Both are adjustable (contrary to Numenta’s advice) in the sense they dynamically adjust their specific interval between min/max limits and any current value is mapped to a [0,1] interval first, and actual encoding is made for this sub-unitary converted value. If new state value

This is visible in min_max_adjust() in cp_vmap_ovenc.py

Now if you look in the following function - CycleEncoder you’ll noticed on line 74 I just lied you above - it initializes max values to some already “learned” values. But you can comment #74 and uncomment #72 (assumes -inf initial “maxims”) and the agent will learn almost as fast. I think it needs extra 2-3 failed episodes on average. But I’m not sure which.

So in the “cp_vmap_fast” version the maximum values are initialized in lines 77 or 78.
Its encoders are simple slider blocks of P 1 bits, left to right within the N bits space. So the number of possible discrete values is N-P+1

Now the additive (overlapping) encoder.
Let’s say we have a target N of 100 bits with P = 25 on bits.

  • Initialisation: each state measurement gets assigned a static, random dense vector within [0,1] interval.
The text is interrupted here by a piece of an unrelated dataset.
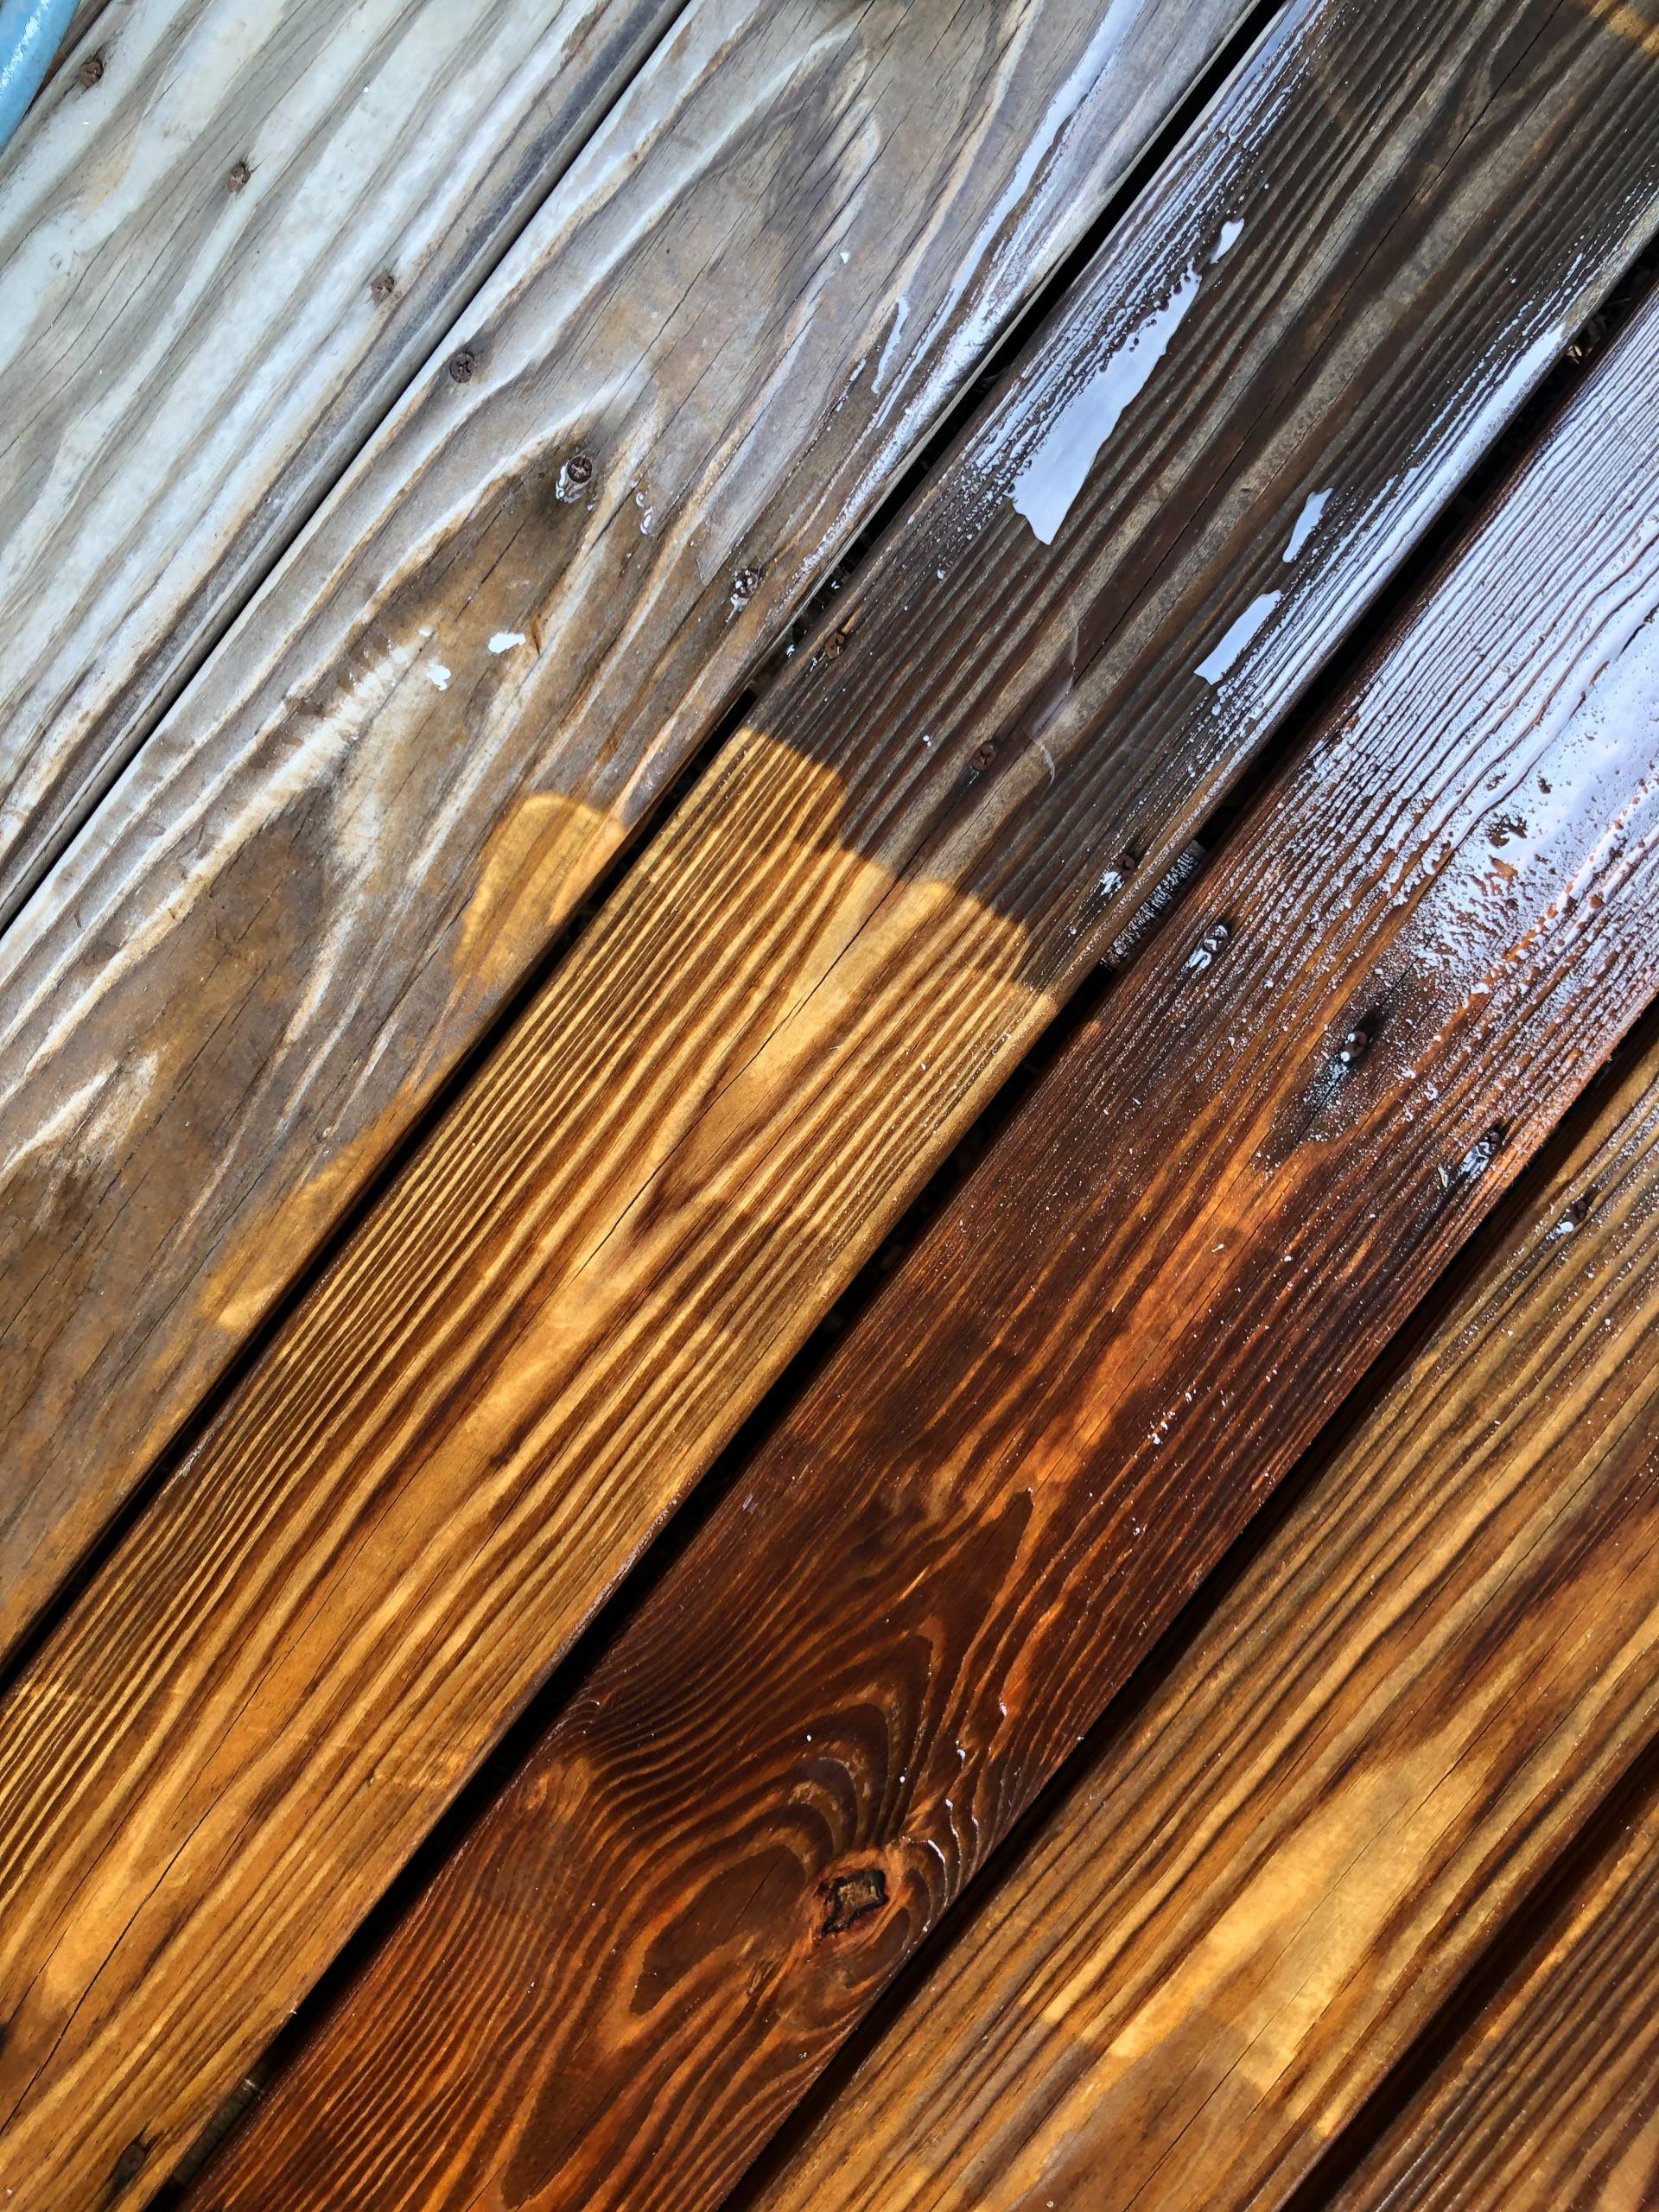 pressure washing wood porch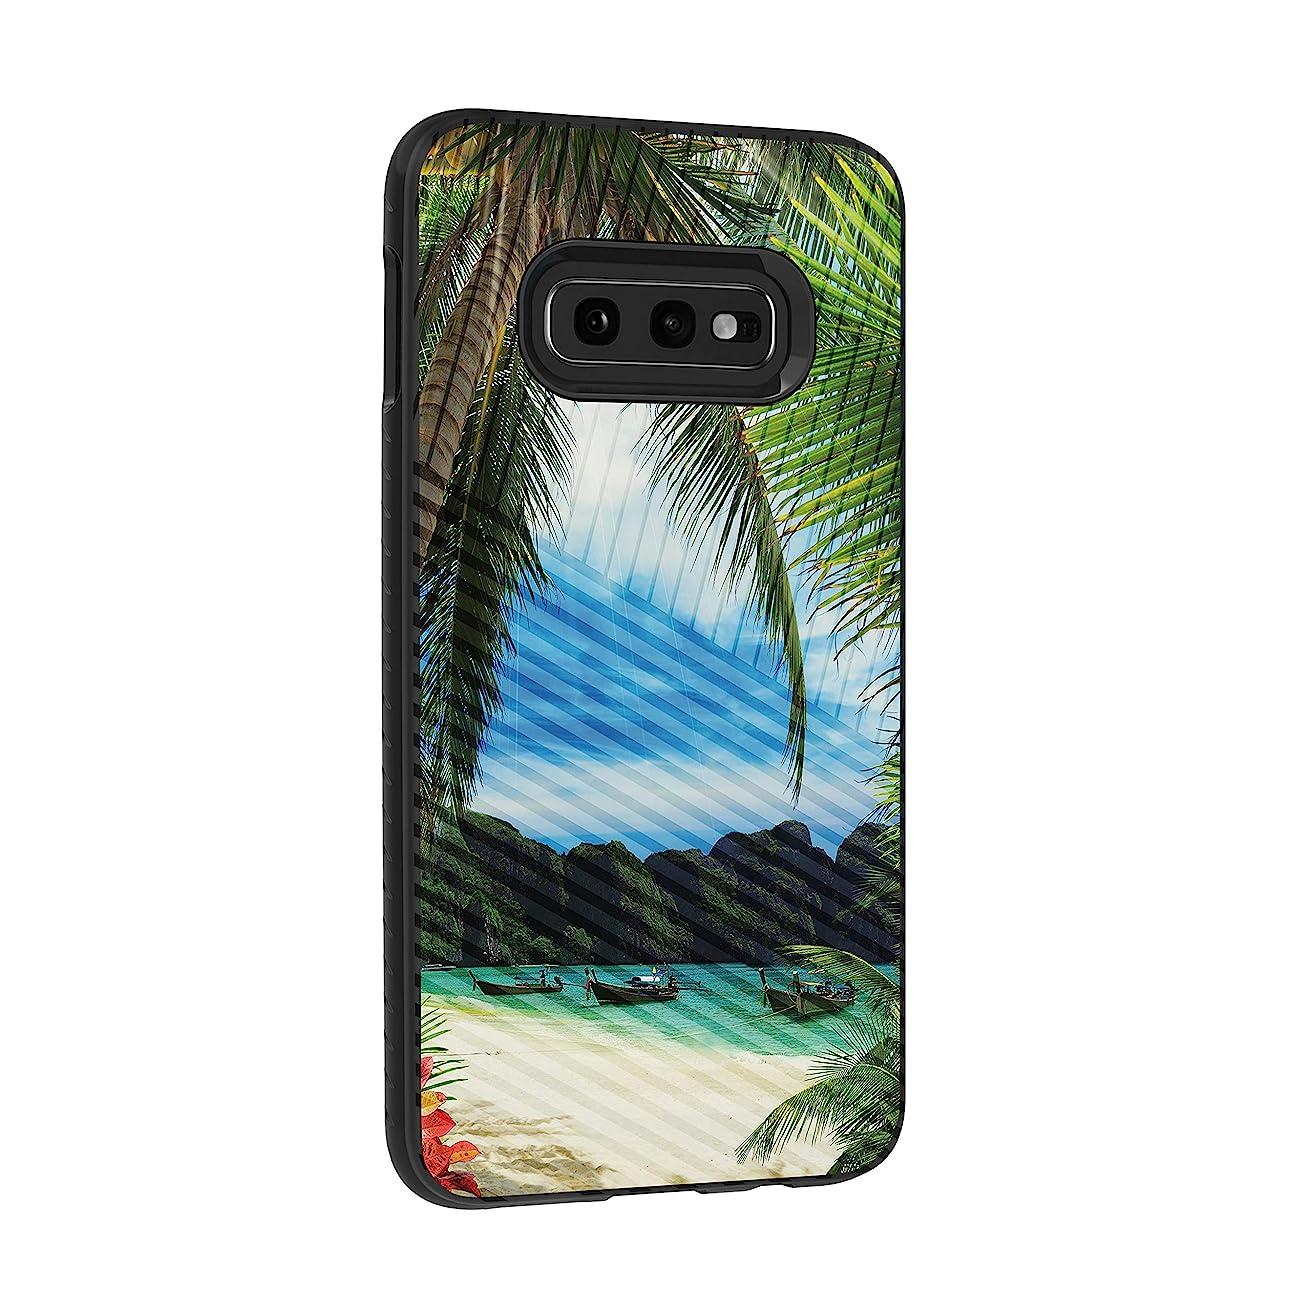 TurtleArmor   Compatible for Samsung Galaxy S10e Case   S10 Lite Case   G970   Hard Shell Impact TPU Case Hybrid Engraved Grooves Ocean Beach Design - Tropical Beach

So we have a 4x100 array - angle, v_angle, pos, v_pos
  • all state values will be mapped to [0,1] interval each with (optional) automatic [min/max] adjustment
    (well it will be downsized to something smaller eg [0, 0.7] but let’s ignore this)
  • Add the obtained state value to its corresponding static vector, and divide the result modulo 1 → that outputs the static vector “rotated” by its corresponding observation value.
  • Add all 4 rotated vectors resulting in a single 100 size dense vector (summation or dense overlapping vector)
  • Pick the P maximum (or minimum, does not matter as long you are consistent) points in this vector as the SDR encoding.

Now why 0 to 0.7 instead of 1? 0 to 1 covers a whole cycle (like a circle) which means point 0 and 1 are very close to each other. To avoid overlapping between minimum and maximum values (that would be confusing) I pick a maximum value of (N-1.25*P)/N which is 0.6875 for N,P = 100,25

There-s a whole can of speculating on why such a … mashup would work better than separate channels, but I won’t open it (unless provoked :slight_smile:)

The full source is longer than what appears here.